Second Lady of Ghana
- In role 7 January 2001 – 7 January 2009
- Preceded by: Ernestina Naadu Mills
- Succeeded by: Lordina Mahama

Personal details
- Born: Ramatu Egala 15 October 1951 Gold Coast
- Died: 7 April 2022 (aged 70) Accra, Ghana
- Party: New Patriotic Party
- Spouse: Aliu Mahama
- Children: Farouk Aliu Mahama
- Parent: Imoru Egala (father);

= Ramatu Aliu Mahama =

Former second lady of Ghana (1951–2022)

Ramatu Aliu Mahama ( Egala, 15 October 1951 – 7 April 2022) was a Ghanaian educationist who served as the second lady of Ghana from 2001 to 2009. Mahama was the wife of the 4th vice-president of Ghana, the late Aliu Mahama.

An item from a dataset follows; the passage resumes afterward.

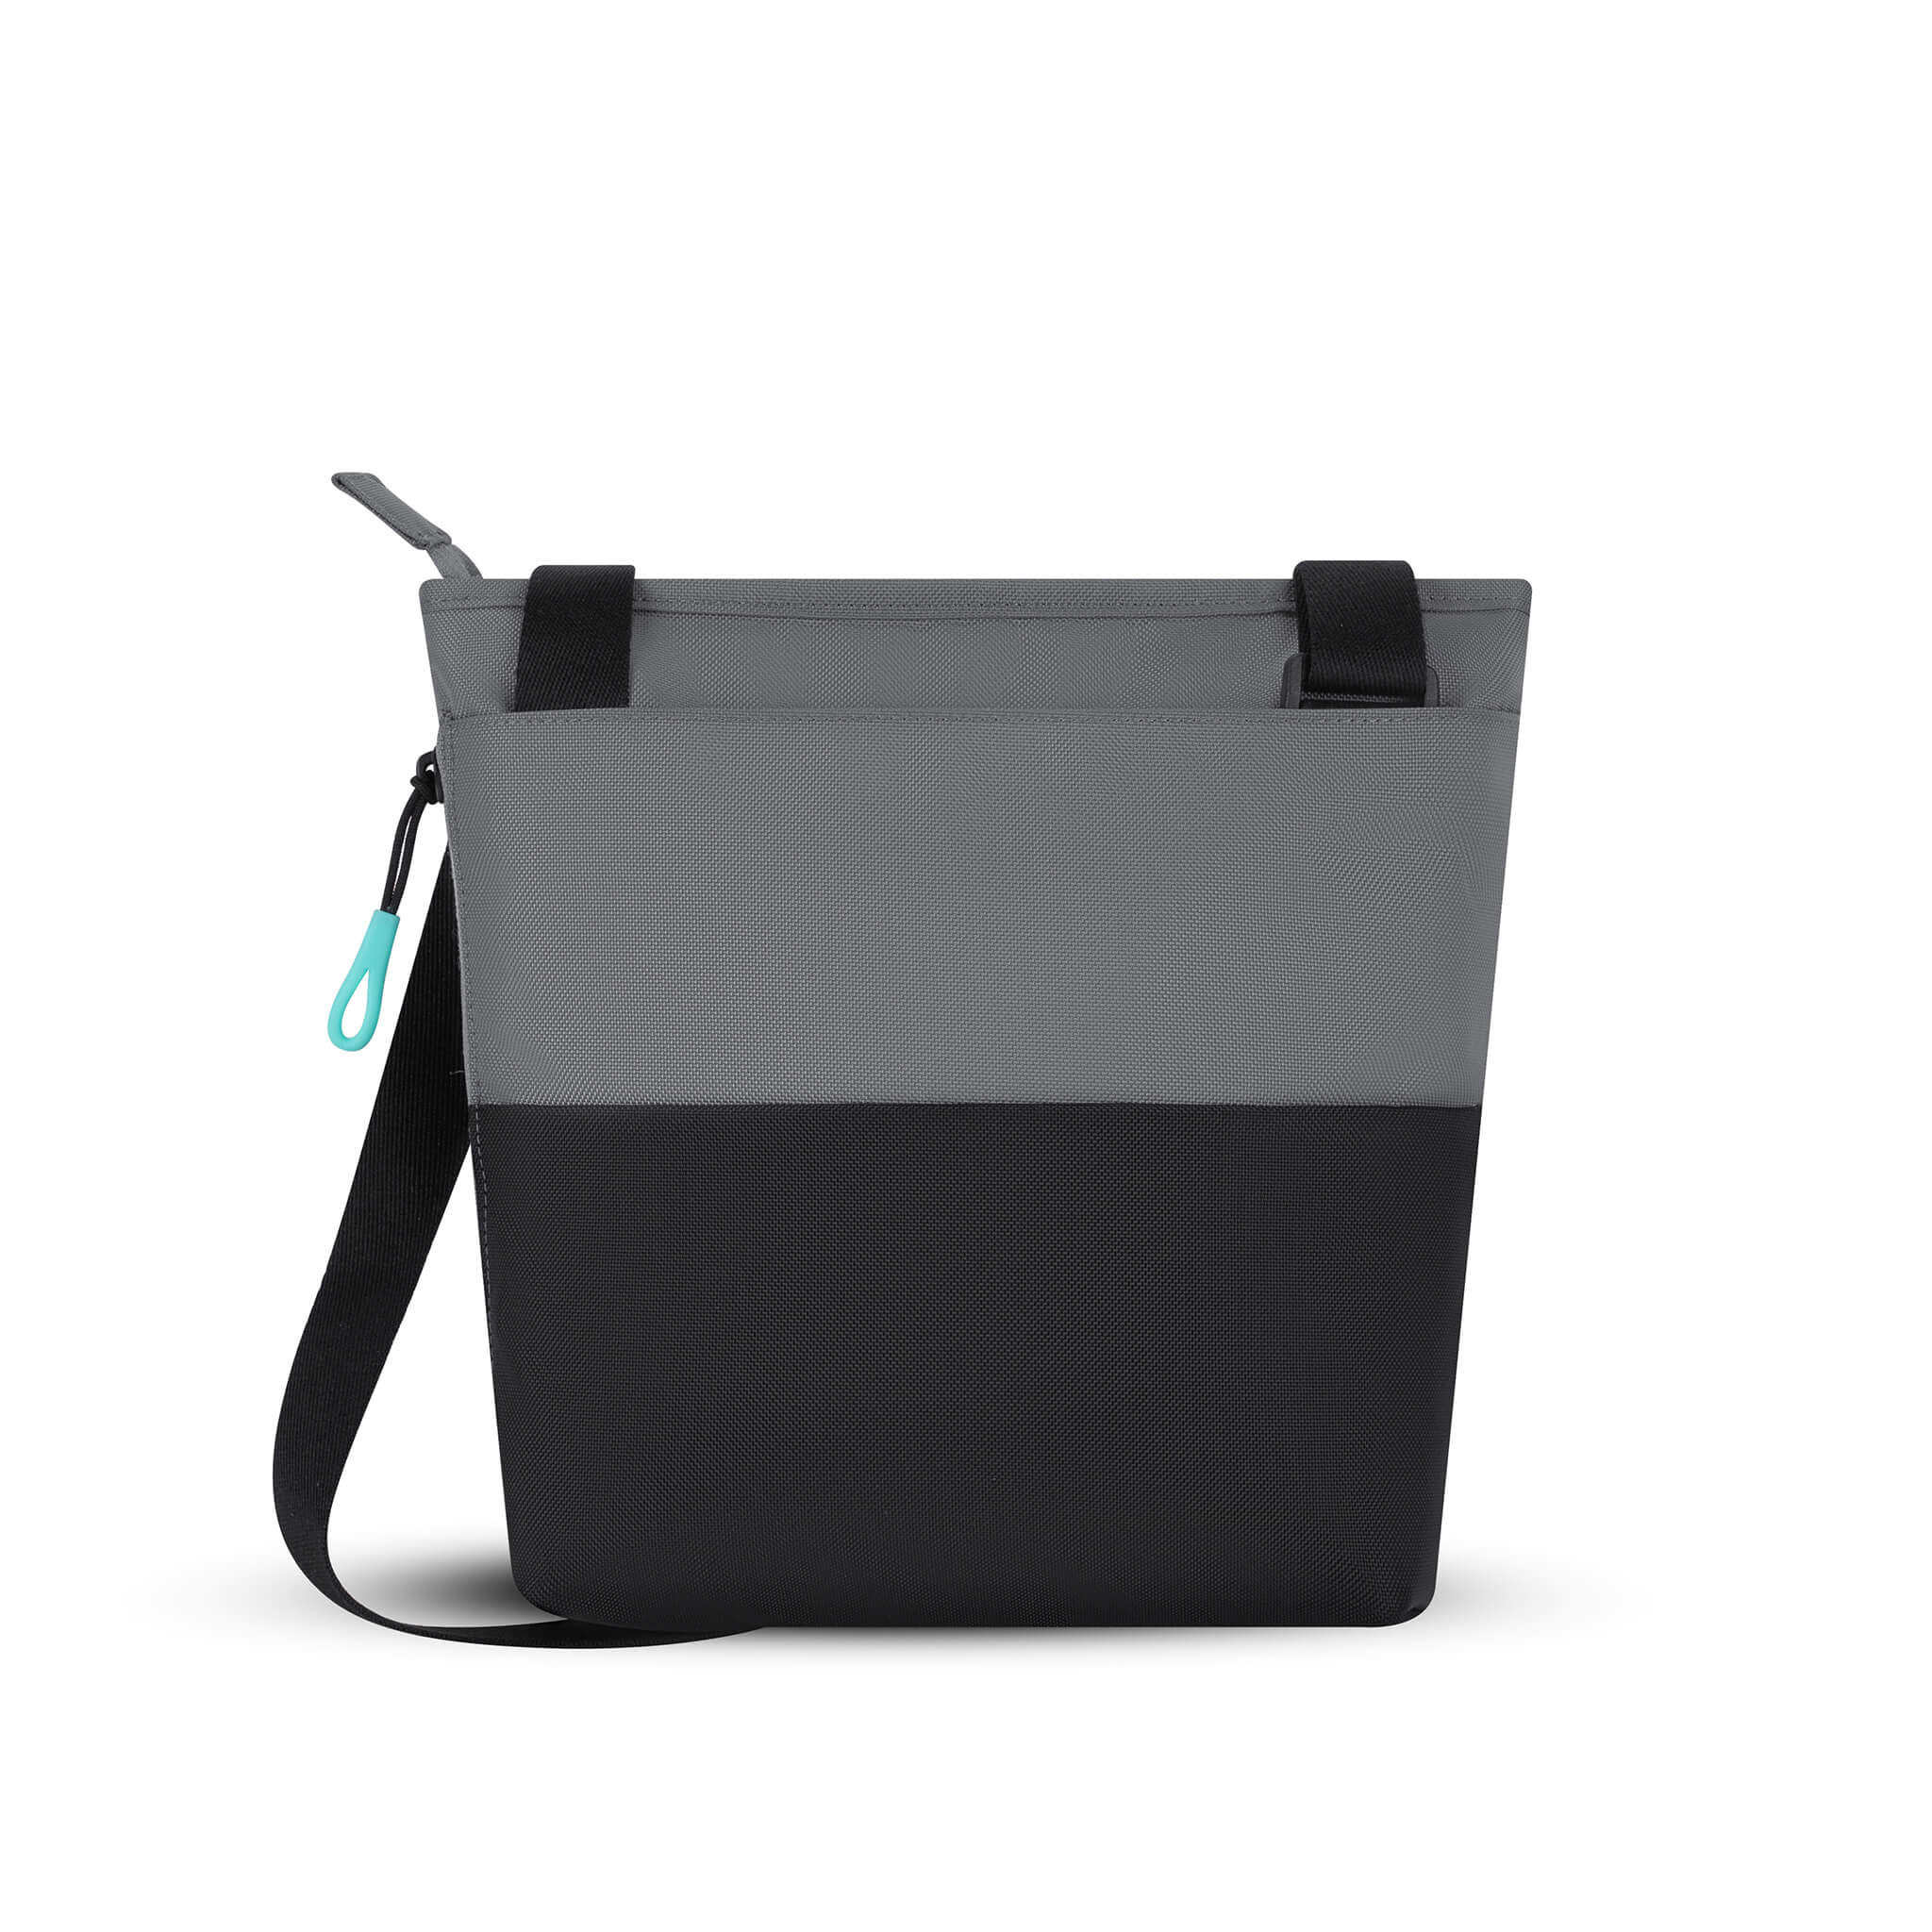 Back view of Sherpani crossbody travel bag, the Sadie in Moonstone. Sadie features include two front zipper pockets, a discrete side pocket, detachable keychain, adjustable crossbody strap, back slip pocket and RFID blocking technology. The Moonstone color is two-toned in gray and black with turquoise accents.

== Early life and career ==
Mahama was born on 15 October 1951. Mahama was an educationist in Tamale, the capital city of the Northern Region and the Second Lady of Ghana from 6 January 2001 to 7 January 2009.

==Personal life==
Mahama was the daughter of the late politician Imoru Egala, a Minister for Trade and Industry and first Ghanaian chairman of COCOBOD, in the first republic. Mahama was married to the late Alhaji Aliu Mahama, who was the vice-president for Ghana from 2001 to 2009. She is also the mother of Farouk Aliu Mahama the member of parliament for the Yendi Constituency. She had four children; Salma Mahama, Farouk Mahama, Fayad Mahama and Halim Mahama. In September 2021, there were reports of her death which were later denied by her son Farouk Mahama via an official statement on social media platform Facebook. Mahama was a Muslim.

=== Death and funeral ===
Mahama died at the Korle-Bu Teaching Hospital on 7 April 2022, at the age of 70. She had been battling a heart-related illness for about two years. The following day, Hajia Ramatu Mahama was laid in state at the Black Star Square in the morning of 9 April 2022 and a memorial service held in her honour. The National Chief Imam, Osman Nuhu Sharubutu led prayers for her and the Islamic Ṣalāt al-Janāzah prayer for departed soul was said for her. Hajia Ramatu Mahama's body was transported to Kalpohin, Tamale to where a final burial service was done before she was buried beside her husband. At the funeral, former president John Kufuor eulogized her saying,"She was thoughtful and supported her husband, who was Vice-President during my time in government. She was a great hostess any time we traveled to the north, especially around Tamale."